TASK OBJECTIVE:
Each line from the start of the entries through the line that contains "湖北省银保监局决策销户商业保险兼业代理组织" should be output exactly, please.

[[ MATERIAL SUPPLIED, beginning ]]

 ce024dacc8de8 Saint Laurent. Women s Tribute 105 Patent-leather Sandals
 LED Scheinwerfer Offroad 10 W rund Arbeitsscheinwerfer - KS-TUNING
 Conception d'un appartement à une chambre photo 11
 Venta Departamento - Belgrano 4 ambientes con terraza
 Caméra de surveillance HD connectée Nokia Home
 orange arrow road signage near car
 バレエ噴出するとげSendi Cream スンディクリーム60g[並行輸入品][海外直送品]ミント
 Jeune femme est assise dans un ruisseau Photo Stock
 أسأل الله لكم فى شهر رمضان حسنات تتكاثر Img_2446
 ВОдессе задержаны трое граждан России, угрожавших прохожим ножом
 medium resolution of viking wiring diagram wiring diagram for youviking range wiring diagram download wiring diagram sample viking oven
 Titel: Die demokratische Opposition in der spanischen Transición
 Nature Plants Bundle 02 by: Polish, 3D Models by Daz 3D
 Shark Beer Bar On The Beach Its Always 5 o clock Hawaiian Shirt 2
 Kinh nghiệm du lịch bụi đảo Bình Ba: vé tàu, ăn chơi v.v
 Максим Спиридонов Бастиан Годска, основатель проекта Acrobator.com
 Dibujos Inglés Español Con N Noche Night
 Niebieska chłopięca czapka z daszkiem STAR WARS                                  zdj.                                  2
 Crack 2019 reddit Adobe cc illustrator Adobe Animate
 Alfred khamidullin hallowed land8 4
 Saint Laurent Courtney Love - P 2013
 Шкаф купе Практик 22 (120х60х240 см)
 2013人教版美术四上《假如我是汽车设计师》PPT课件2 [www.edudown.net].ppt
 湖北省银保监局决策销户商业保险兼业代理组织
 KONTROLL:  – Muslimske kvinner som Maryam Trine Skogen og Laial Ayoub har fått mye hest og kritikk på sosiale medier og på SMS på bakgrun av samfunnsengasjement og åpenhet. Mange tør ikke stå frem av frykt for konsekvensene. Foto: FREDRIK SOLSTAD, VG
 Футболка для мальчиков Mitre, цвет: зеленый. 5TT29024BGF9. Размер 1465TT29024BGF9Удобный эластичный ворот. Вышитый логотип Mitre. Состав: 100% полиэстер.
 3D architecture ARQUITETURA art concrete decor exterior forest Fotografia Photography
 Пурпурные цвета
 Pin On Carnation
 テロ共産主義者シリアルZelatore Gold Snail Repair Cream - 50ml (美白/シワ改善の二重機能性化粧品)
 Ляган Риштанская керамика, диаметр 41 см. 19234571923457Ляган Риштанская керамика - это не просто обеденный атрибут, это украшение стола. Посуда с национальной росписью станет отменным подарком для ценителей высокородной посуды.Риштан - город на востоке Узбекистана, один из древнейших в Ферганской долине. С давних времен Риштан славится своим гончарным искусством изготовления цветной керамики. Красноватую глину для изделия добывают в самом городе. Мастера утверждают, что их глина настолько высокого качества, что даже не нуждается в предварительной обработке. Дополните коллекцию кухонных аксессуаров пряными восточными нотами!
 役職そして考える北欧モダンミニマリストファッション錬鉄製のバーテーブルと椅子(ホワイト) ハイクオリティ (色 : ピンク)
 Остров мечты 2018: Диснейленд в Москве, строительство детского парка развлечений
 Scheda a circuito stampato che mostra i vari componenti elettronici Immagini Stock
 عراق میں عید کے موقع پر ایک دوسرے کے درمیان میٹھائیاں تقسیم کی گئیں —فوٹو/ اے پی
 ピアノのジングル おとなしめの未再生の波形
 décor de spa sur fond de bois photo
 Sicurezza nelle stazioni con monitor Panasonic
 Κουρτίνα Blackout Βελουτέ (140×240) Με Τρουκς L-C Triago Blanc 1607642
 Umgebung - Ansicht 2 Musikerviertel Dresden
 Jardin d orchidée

[[ MATERIAL SUPPLIED, end ]]

SOLUTION TO THE PROBLEM:
 ce024dacc8de8 Saint Laurent. Women s Tribute 105 Patent-leather Sandals
 LED Scheinwerfer Offroad 10 W rund Arbeitsscheinwerfer - KS-TUNING
 Conception d'un appartement à une chambre photo 11
 Venta Departamento - Belgrano 4 ambientes con terraza
 Caméra de surveillance HD connectée Nokia Home
 orange arrow road signage near car
 バレエ噴出するとげSendi Cream スンディクリーム60g[並行輸入品][海外直送品]ミント
 Jeune femme est assise dans un ruisseau Photo Stock
 أسأل الله لكم فى شهر رمضان حسنات تتكاثر Img_2446
 ВОдессе задержаны трое граждан России, угрожавших прохожим ножом
 medium resolution of viking wiring diagram wiring diagram for youviking range wiring diagram download wiring diagram sample viking oven
 Titel: Die demokratische Opposition in der spanischen Transición
 Nature Plants Bundle 02 by: Polish, 3D Models by Daz 3D
 Shark Beer Bar On The Beach Its Always 5 o clock Hawaiian Shirt 2
 Kinh nghiệm du lịch bụi đảo Bình Ba: vé tàu, ăn chơi v.v
 Максим Спиридонов Бастиан Годска, основатель проекта Acrobator.com
 Dibujos Inglés Español Con N Noche Night
 Niebieska chłopięca czapka z daszkiem STAR WARS                                  zdj.                                  2
 Crack 2019 reddit Adobe cc illustrator Adobe Animate
 Alfred khamidullin hallowed land8 4
 Saint Laurent Courtney Love - P 2013
 Шкаф купе Практик 22 (120х60х240 см)
 2013人教版美术四上《假如我是汽车设计师》PPT课件2 [www.edudown.net].ppt
 湖北省银保监局决策销户商业保险兼业代理组织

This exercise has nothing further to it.